As the actors chant, whirl and posture, broader themes emerge. At
one point,
a suffering Christ and a joyous Dionysus stand in perfectly balanced
juxtaposition -- until Dionysus turns suddenly sorrowful, Christ
joyful -- a piquant commentary on the fine line separating religious
beliefs.
The
performances are almost impossibly focused and fluid. This is not
so much
a cast as it is a living organism. The ensemble includes Tomasz
Rodowicz,
Mariusz Golaj, Marcin Mrowca, Elzbieta Rojek, Joanna Holcgreber,
Dorota Porowska, Anna Helena McLean, Grzegorz Podbieglowski, Anna
Dabrowska and Agnieszka Mendel -- all zealous, all gifted.

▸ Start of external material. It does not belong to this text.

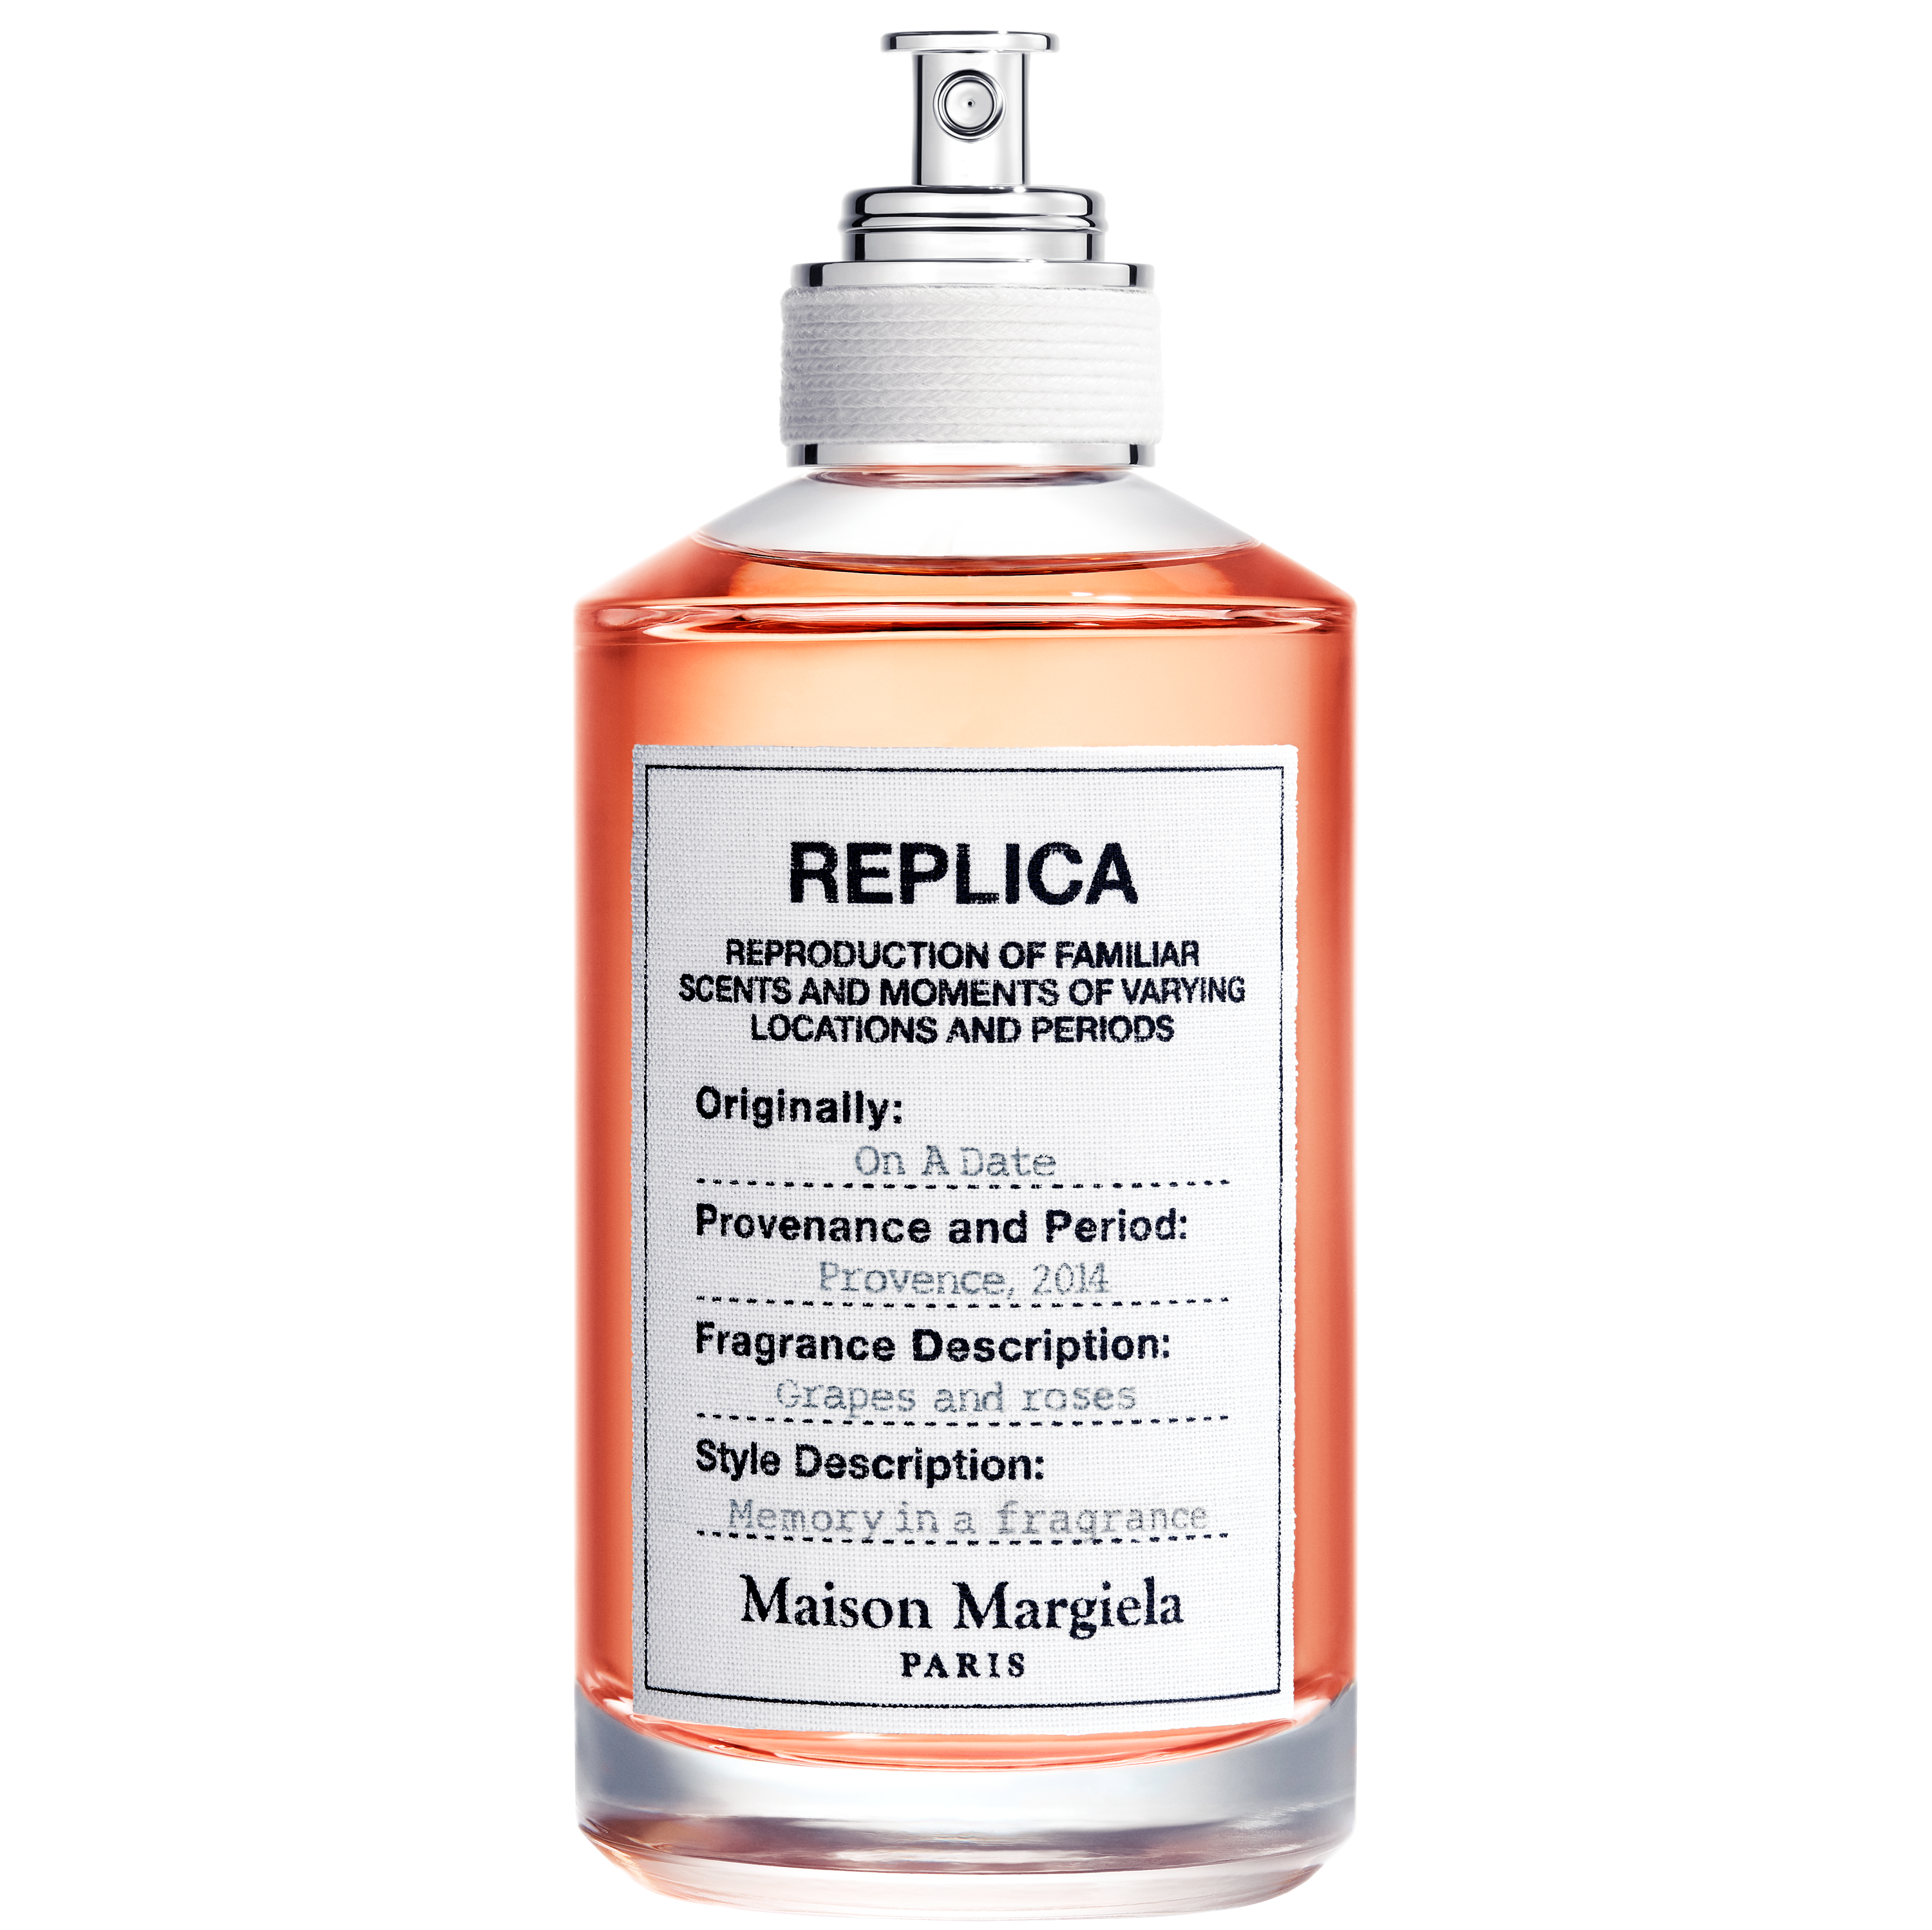 レプリカ オードトワレ フロム ザ ガーデン 100ml 大地と青々しいトマトリーフの香り|Maison Margiela'REPLICA 'Fragrances(メゾンマルジェラレプリカフレグランス)の通販｜アイルミネ

Musical
adapter Maciej Rychly
also deserves praise.
Apuleius'
quote, "know only that which is solemn, joyful, holy, sublime,
heavenly," forms the philosophical core of the play. Note that
contradictory "solemn"
and "joyful." There's that fine line again, the line between
life and death,
sorrow and rapture, that is so richly drawn by Staniewski and his
company
of joyful bacchants, who lead us merrily into catharsis.